DATA SECTION >>
····················

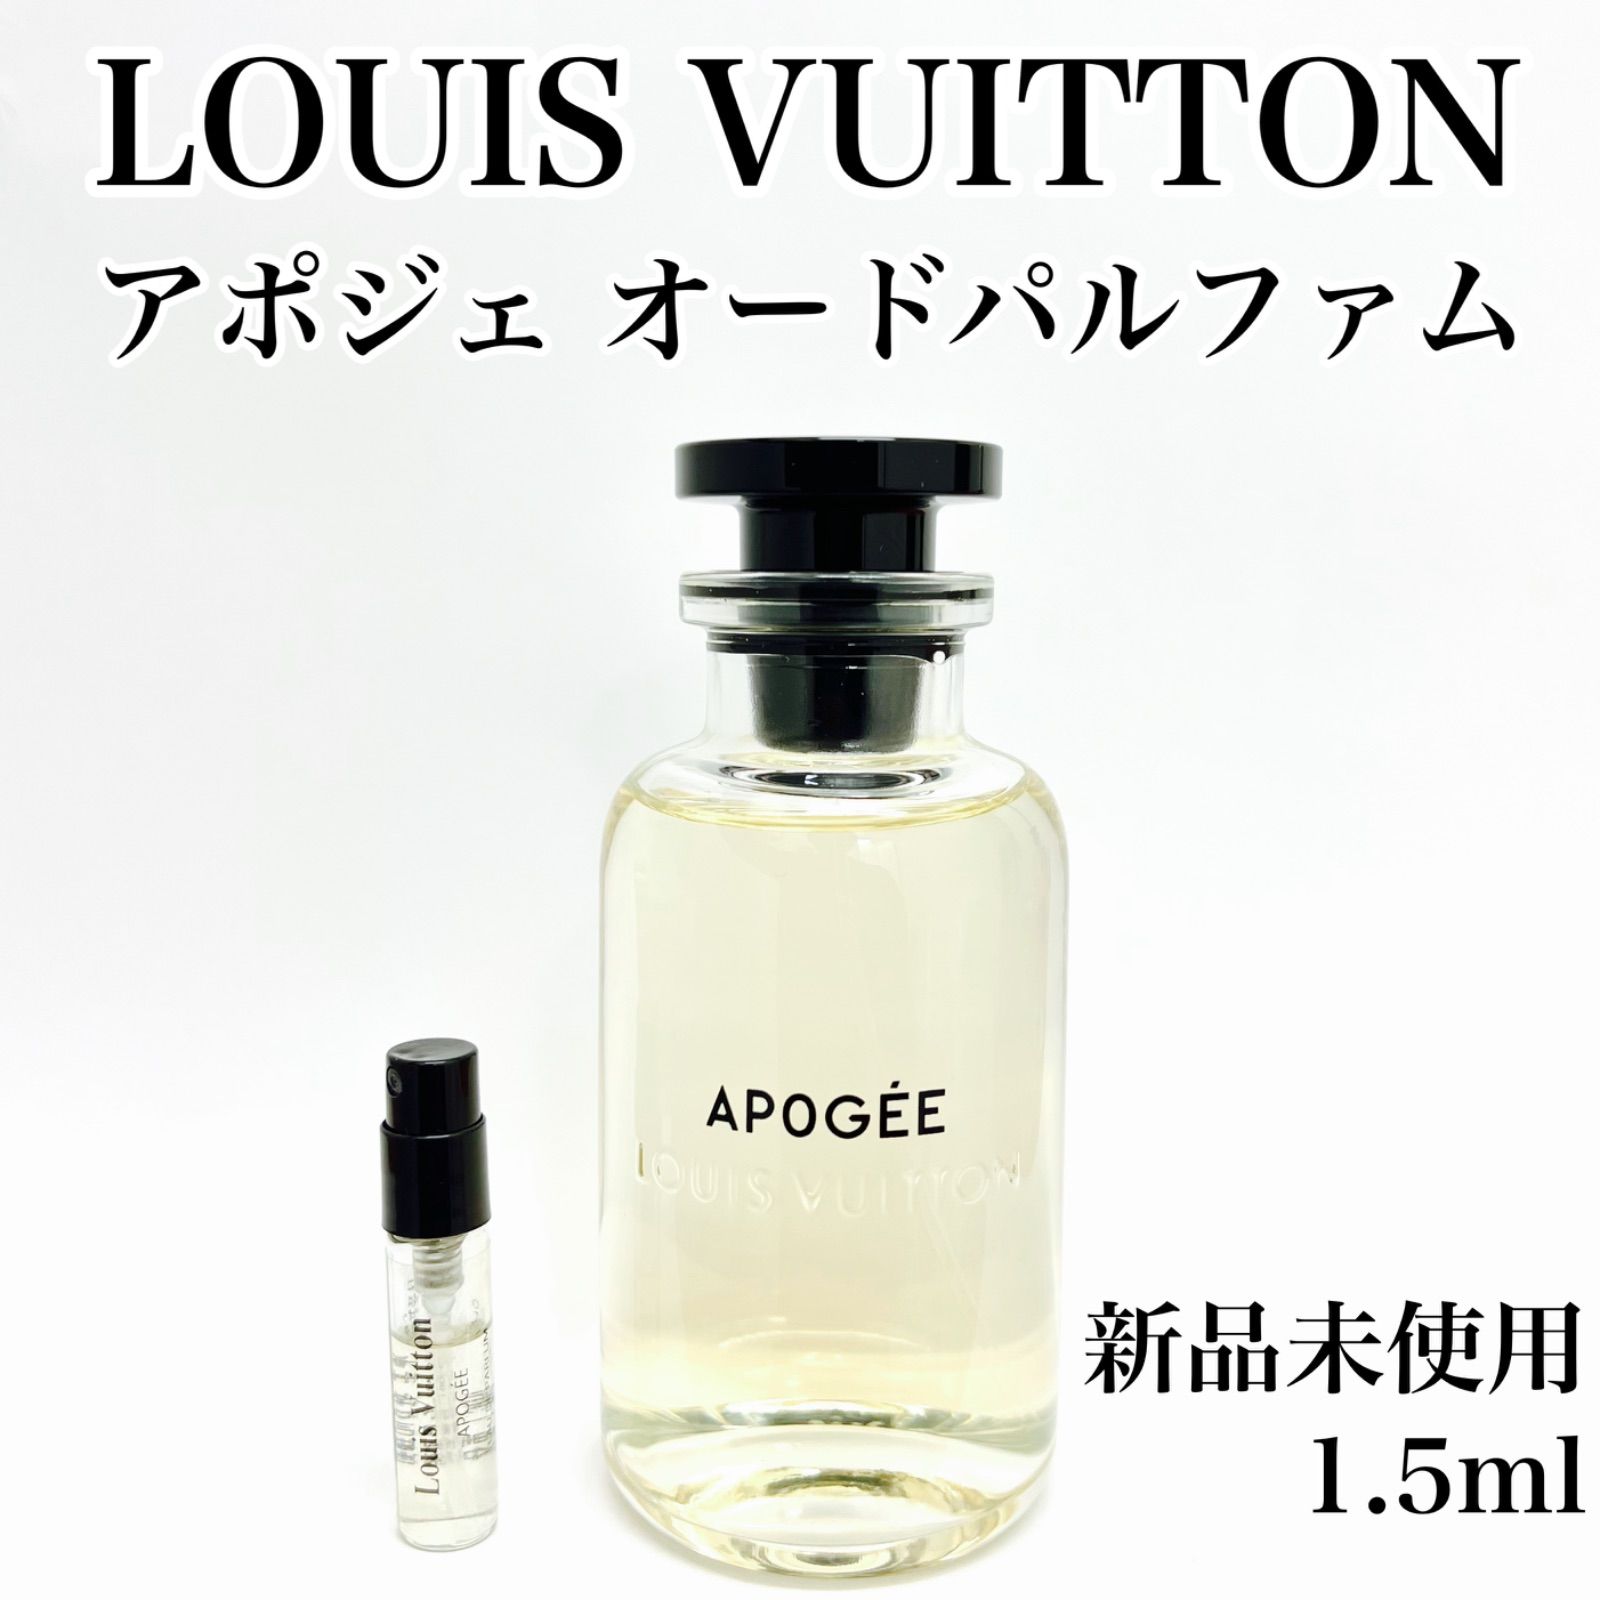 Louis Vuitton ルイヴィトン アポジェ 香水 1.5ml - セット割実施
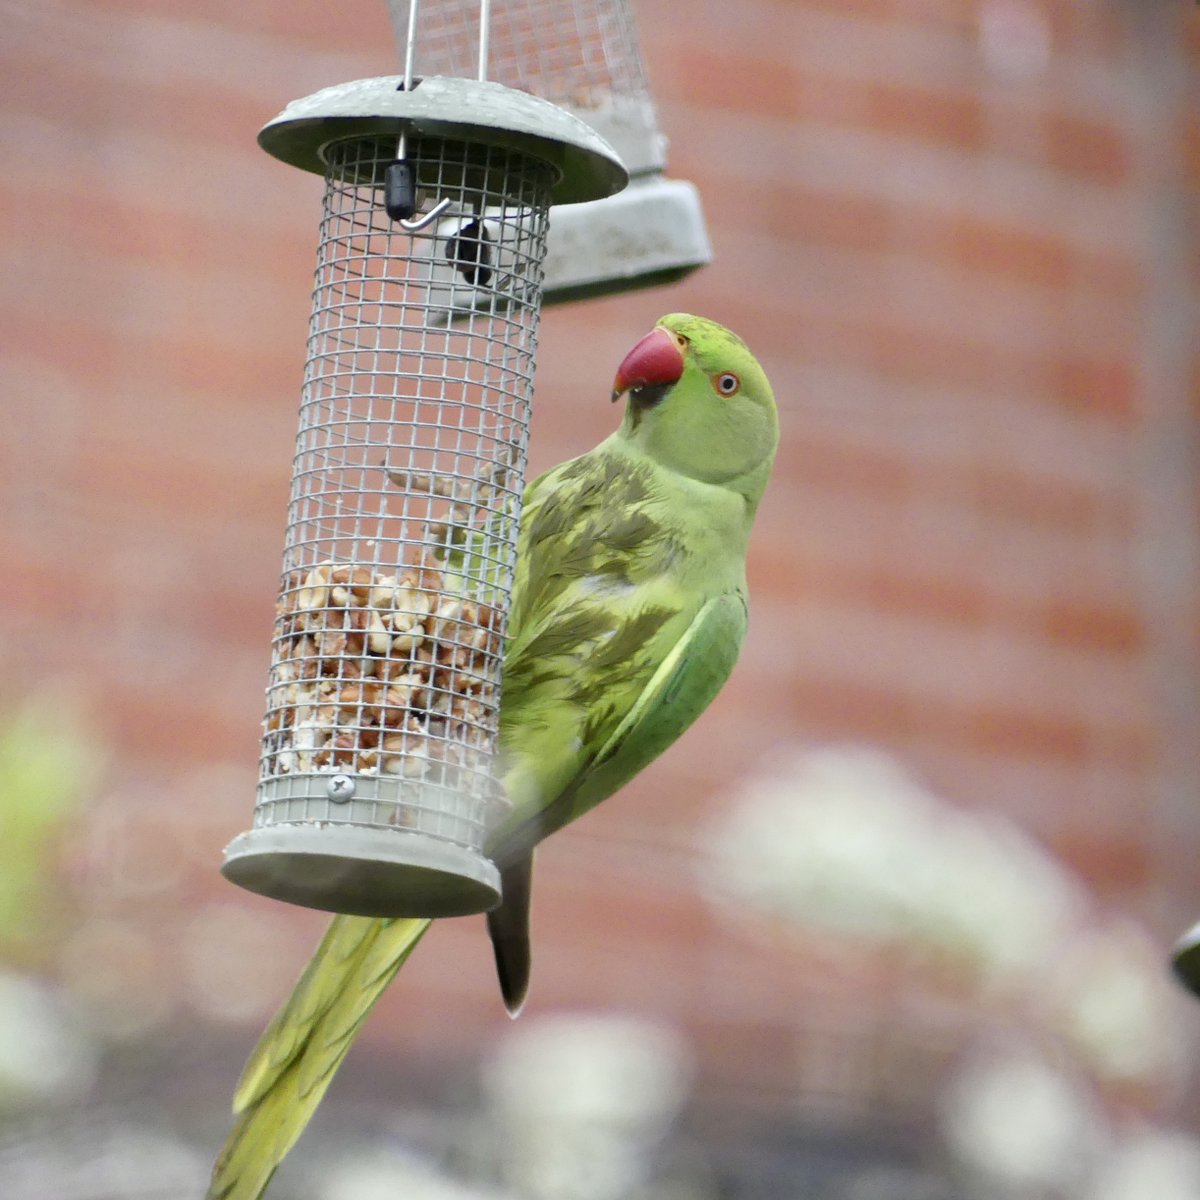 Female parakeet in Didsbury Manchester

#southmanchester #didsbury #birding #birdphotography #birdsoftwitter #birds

····················

TASK DETAILS >> Please return the material above unchanged, with every picture removed.

OUTPUT BELOW >>
 Louis Vuitton ルイヴィトン アポジェ 香水 1.5ml - セット割実施
 Female parakeet in Didsbury Manchester

#southmanchester #didsbury #birding #birdphotography #birdsoftwitter #birds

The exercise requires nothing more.